Acylcarnitines; qualitative, each specimen
CPT4 code
Name of the Procedure:
Acylcarnitines; Qualitative, Each Specimen
Common Names: Acylcarnitine Profile, Acylcarnitine Analysis
Summary
The Acylcarnitines Qualitative test involves analyzing a blood or urine sample to detect the presence and concentration of different acylcarnitines. This helps in diagnosing metabolic disorders, particularly those affecting fatty acid oxidation.
Purpose
This test identifies specific metabolic disorders, especially those that affect the body's ability to oxidize fatty acids properly. The goal is to detect abnormalities in acylcarnitine metabolism to provide a timely and accurate diagnosis, leading to appropriate treatment.
Indications
- Symptoms such as lethargy, vomiting, hypoglycemia, or developmental delays.
- Family history of metabolic disorders.
- Newborn screening follow-up for suspected metabolic issues.
- Monitoring known metabolic conditions.
Preparation
- Typically, no fasting is required.
- Patient should inform the healthcare provider about any medications or supplements they are taking.
Procedure Description
- A blood sample is usually collected via a heel prick (for newborns) or venipuncture (for older children and adults). In some cases, a urine sample might be used.

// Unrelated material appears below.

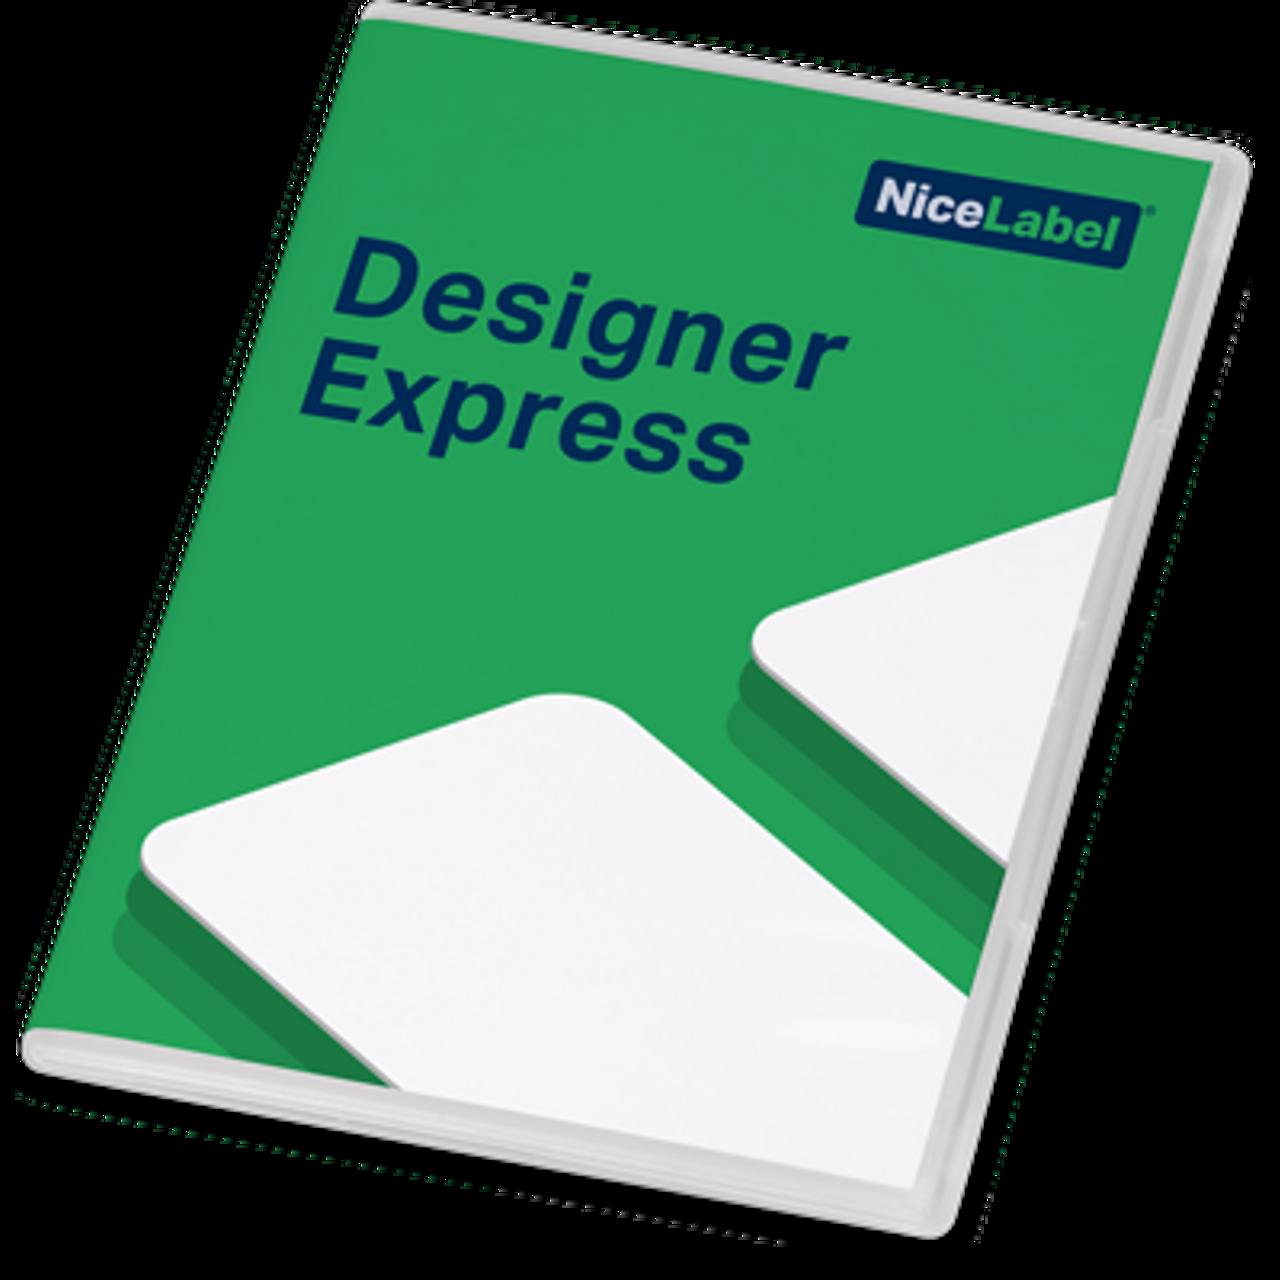 NiceLabel 2017 Designer Express (NLDEXX001S)

- The specimen is sent to a laboratory where it undergoes mass spectrometry or tandem mass spectrometry for analysis.
- Quantitative results are generated indicating the presence and levels of various acylcarnitines in the sample.
Duration
The sample collection takes only a few minutes, but laboratory analysis can take several days.
Setting
Specimen collection can be performed in a hospital, outpatient clinic, or lab facility.
Personnel
- Phlebotomist or nurse for sample collection.
- Laboratory technicians and medical scientists for specimen analysis.
- Metabolic specialists or geneticists for interpretation of results.
Risks and Complications
- Minor pain or bruising at the blood sample collection site.
- Rare risks associated with blood draw, such as infection.
Benefits
- Early and accurate diagnosis of metabolic disorders.
- Timely initiation of specific treatments and dietary management.
- Improved long-term health outcomes through early intervention.
Recovery
- No significant recovery time needed.
- Patients can typically resume normal activities immediately after the sample is collected.
- Follow-up appointments may be scheduled to discuss results and treatment plans.
Alternatives
- Genetic testing for specific metabolic disorders.
- Other biochemical tests like organic acid analysis.
- Pros: Genetic testing can provide a more definitive diagnosis; cons: it may be more expensive and time-consuming.
Patient Experience
- The patient may feel a slight pinch during blood draw.
- Little to no discomfort after the procedure.
- Immediate relief and assurance knowing that the test can provide crucial health information.